The first book in the series, published in 2010, is I Survived the Sinking of the Titanic, 1912.

The latest book in the series, published in 2025, is I Survived the Dust Bowl, 1935.

In 2018, the first of six I Survived books in Spanish were released for the U.S. market: Sobreviví los Ataques de Tiburones de 1916 (I Survived the Shark Attacks of 1916). In 2019, two more titles were released: Sobreviví el Naufragio del Titanic, 1912 (I Survived the Sinking of the Titanic, 1912), and Sobreviví el Terremoto de San Francisco, 1906 (I Survived the San Francisco Earthquake, 1906). In 2020, a fourth title was released: Sobreviví el huracán Katrina, 2005 (I Survived Hurricane Katrina, 2005). Two more Spanish language I Survived titles were released in 2021, Sobreviví el Bomdardeo de Pearl Harbor, 1941 (I Survived the Bombing of Pearl Harbor, 1941) and Sobreviví los ataques del 11 de septiembre de 2001 (I Survived the Attacks of September 11, 2001).
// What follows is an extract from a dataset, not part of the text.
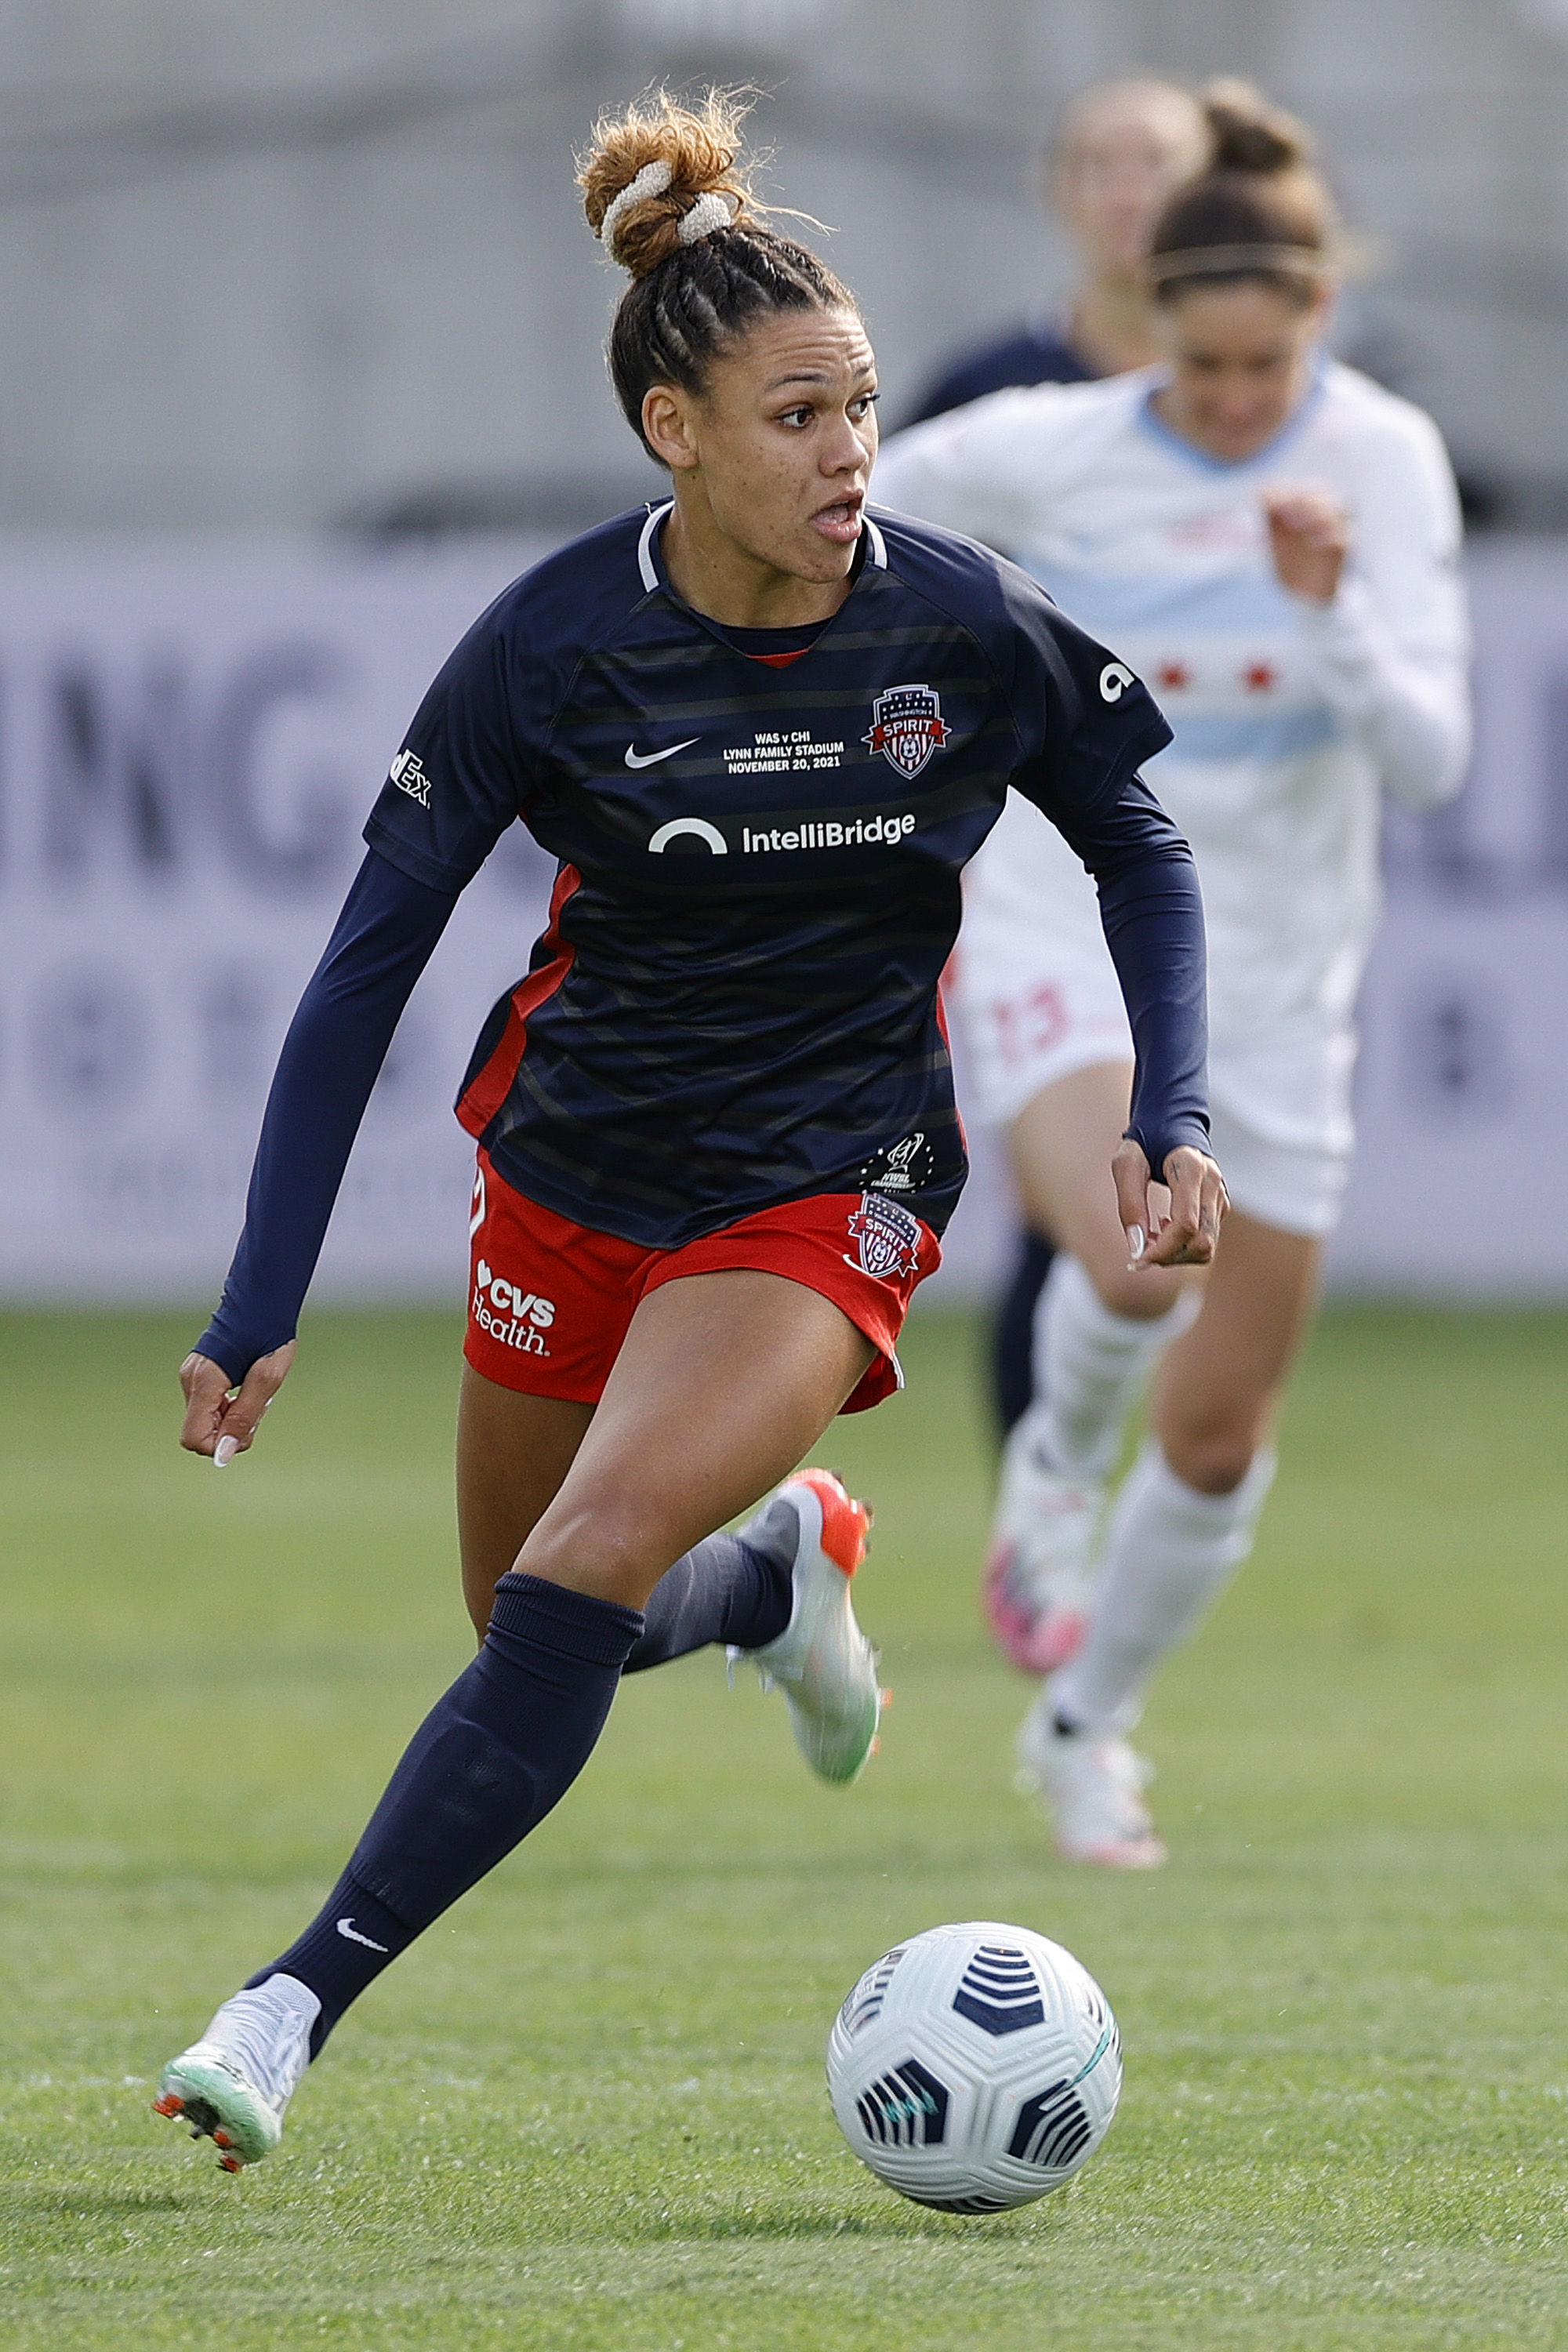 Trinity Rodman USWNT Call-Up A First For NWSL Starlet

Tarshis has also written three non-fiction books for the I Survived True Stories spin-off series, featuring some of the real events that the I Survived historical fiction books are based on. I Survived True Stories #1: Five Epic Disasters was released in 2014, followed in 2015 by I Survived True Stories #2 Nature Attacks!, and by I Survived True Stories #3 Tornado Terror in 2017.

In 2020, two new graphic novels were released: I Survived The Sinking of the Titanic, 1912 and I Survived The Shark Attacks of 1916.

I Survived books have been translated into ten languages: Chinese, Czech, French, Japanese, Korean, Romanian, Russian, Spanish, Swedish, and Vietnamese.